Skip to main content
Skip table of contents

Formatting Elements Sample

Introduction

In XML-based documentation systems, some elements are concerned with the structure of a document and other elements exist purely to suggest what the intended styling of the final document should be. These latter elements are what we will refer to as Formatting Elements. The set of formatting elements will vary between documentation systems. For example to request that words in the final document have bold styling DITA provides the "<b/>" element and DocBook provides the "<emphasis/>" element. XML Merge allows the user to specify the set of elements to be considered as formatting elements.

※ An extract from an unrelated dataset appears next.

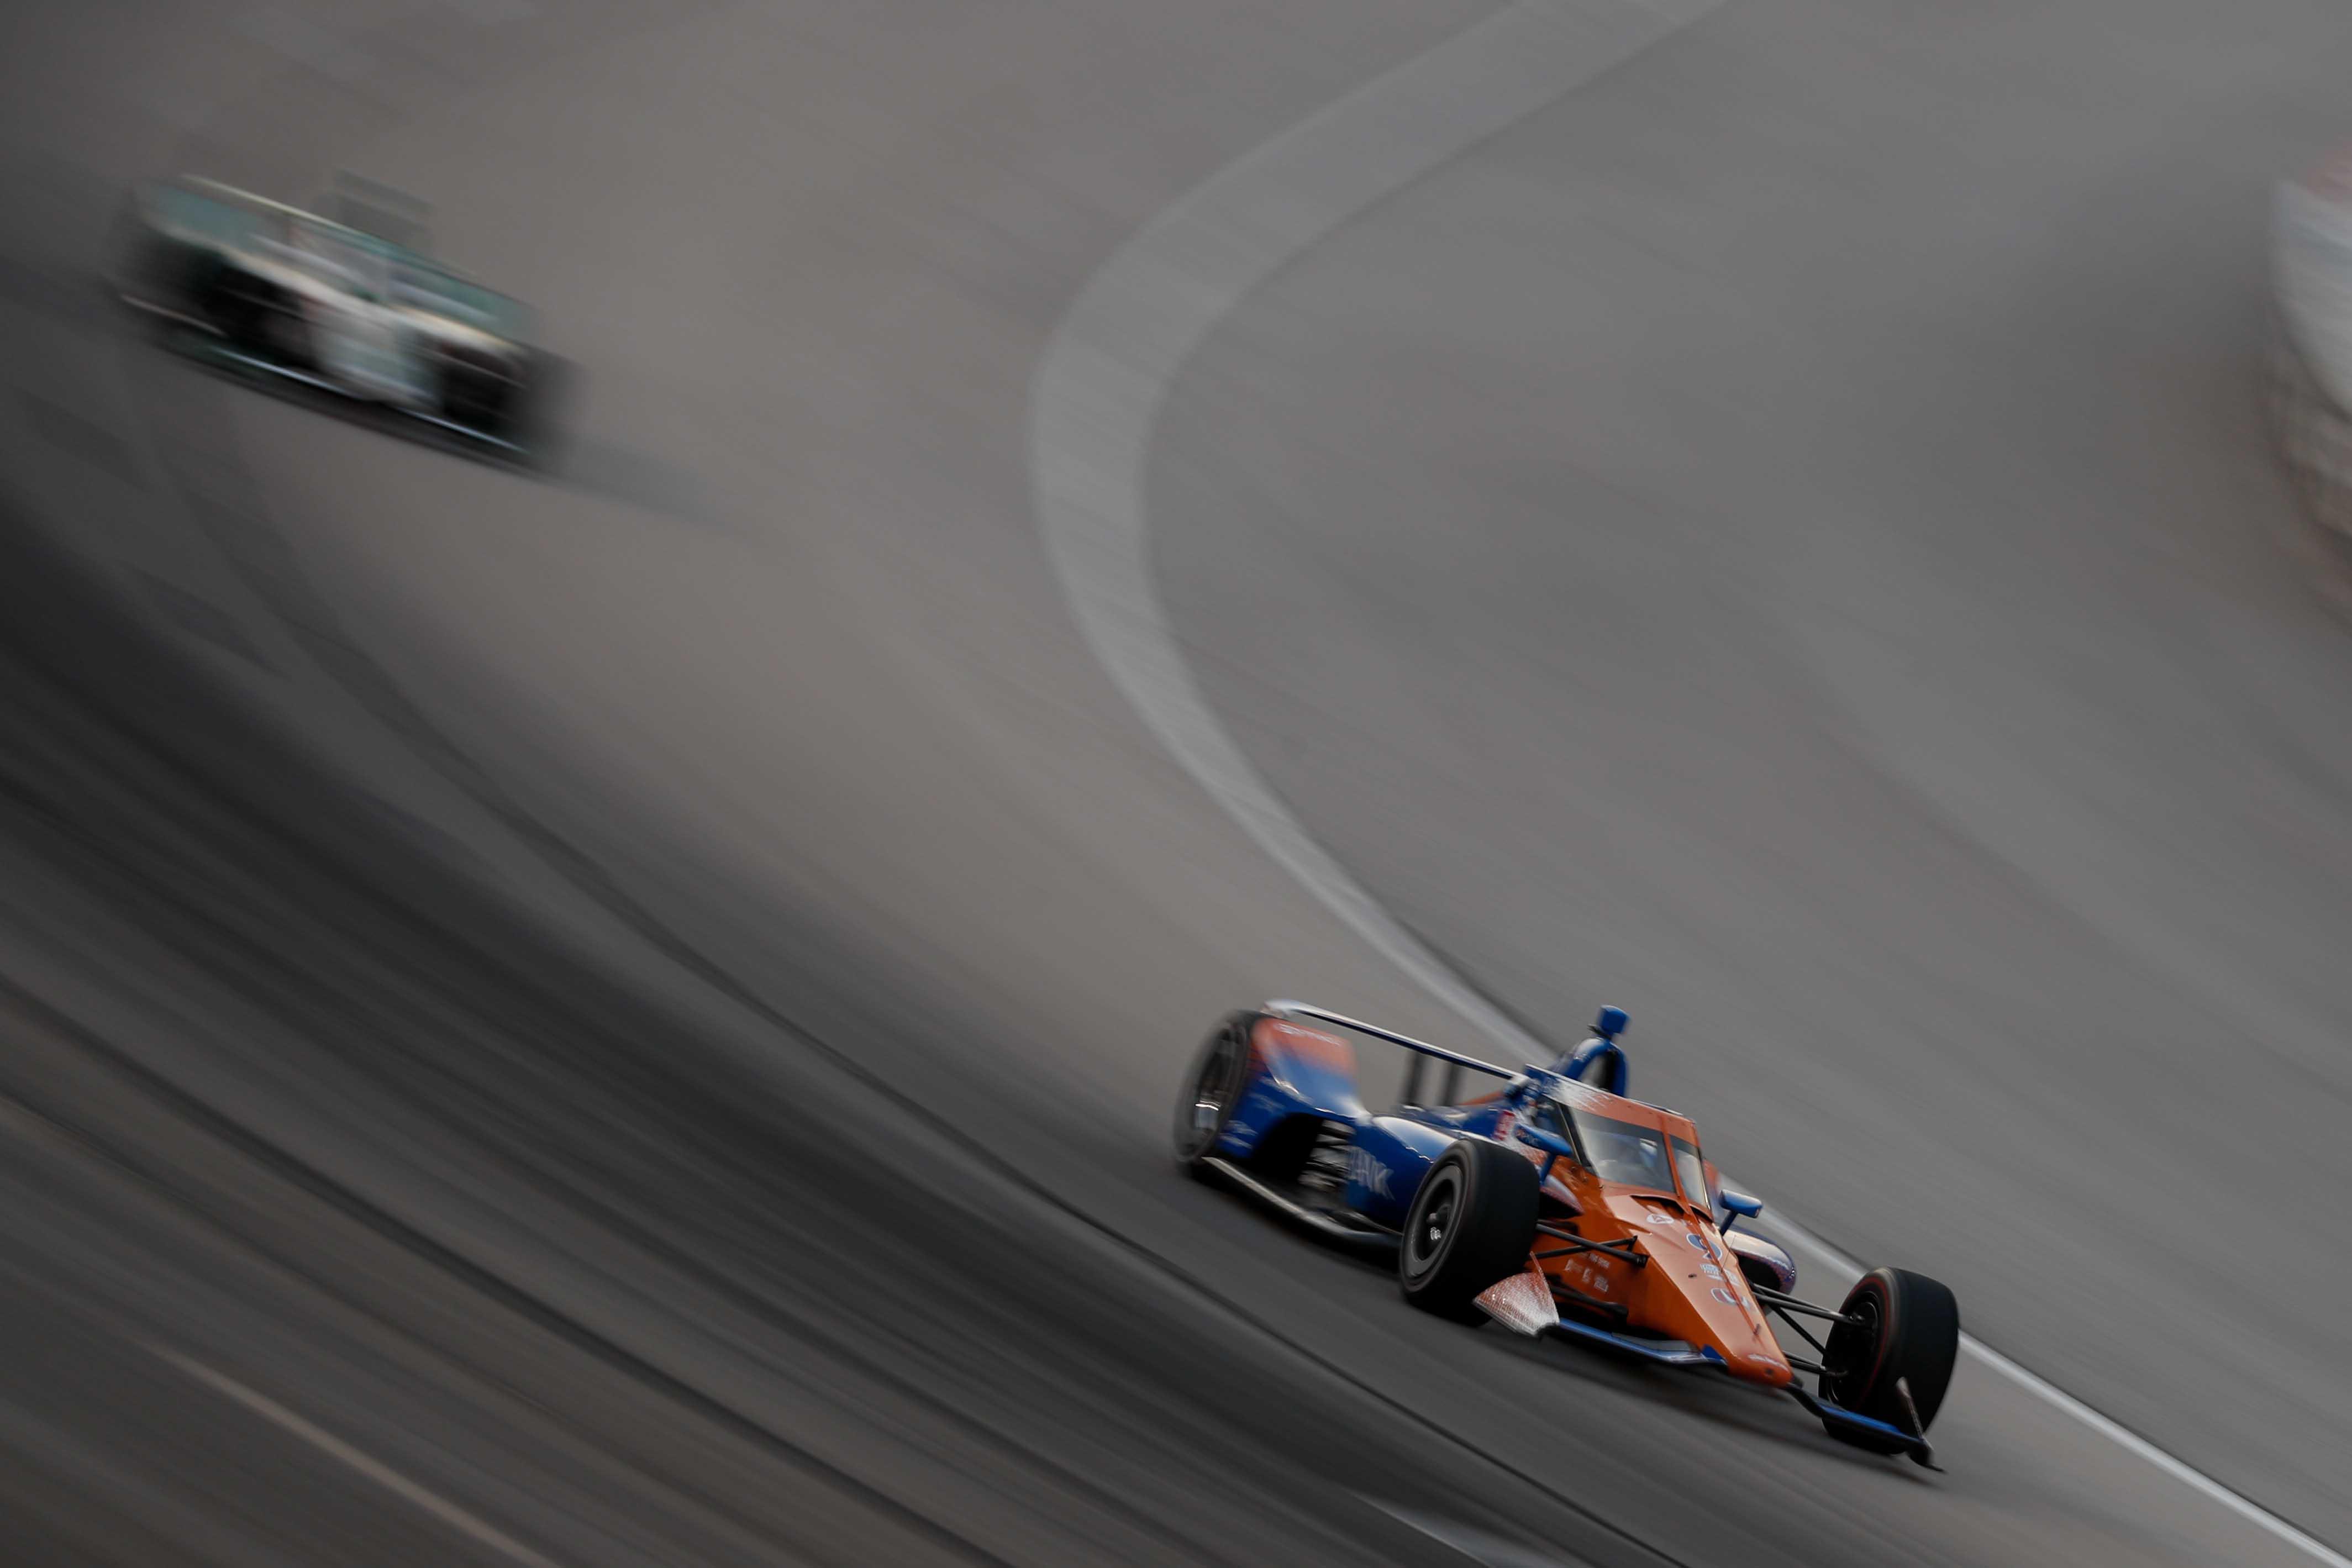 Scott Dixon at Texas Motor Speedway - Indycar Series

The formatting element functionality is intended to allow users to focus on either purely textual content differences between documents or styling differences by treating elements marked as formatting differently to other elements. When formatting element functionality is enabled, XML Merge provides additional output formats which show different views of the changes. The page Formatting Element Representations has details of the different output types. These additional output formats can show changes in several different ways, each of which allows the user to concentrate on a different aspect of the document changes. For example the content group output format provides a "text" output showing just the textual changes, and also a "content" output showing both textual and styling changes.

Example Input Files and Configuration

Input Files

To illustrate how XML Merge helps with formatting elements, we will examine the following four versions of a simple document. These might be multiple edits of the same document content over time or by different authors. We will show how XML Merge handles these changes with formatting elements both enabled and disabled.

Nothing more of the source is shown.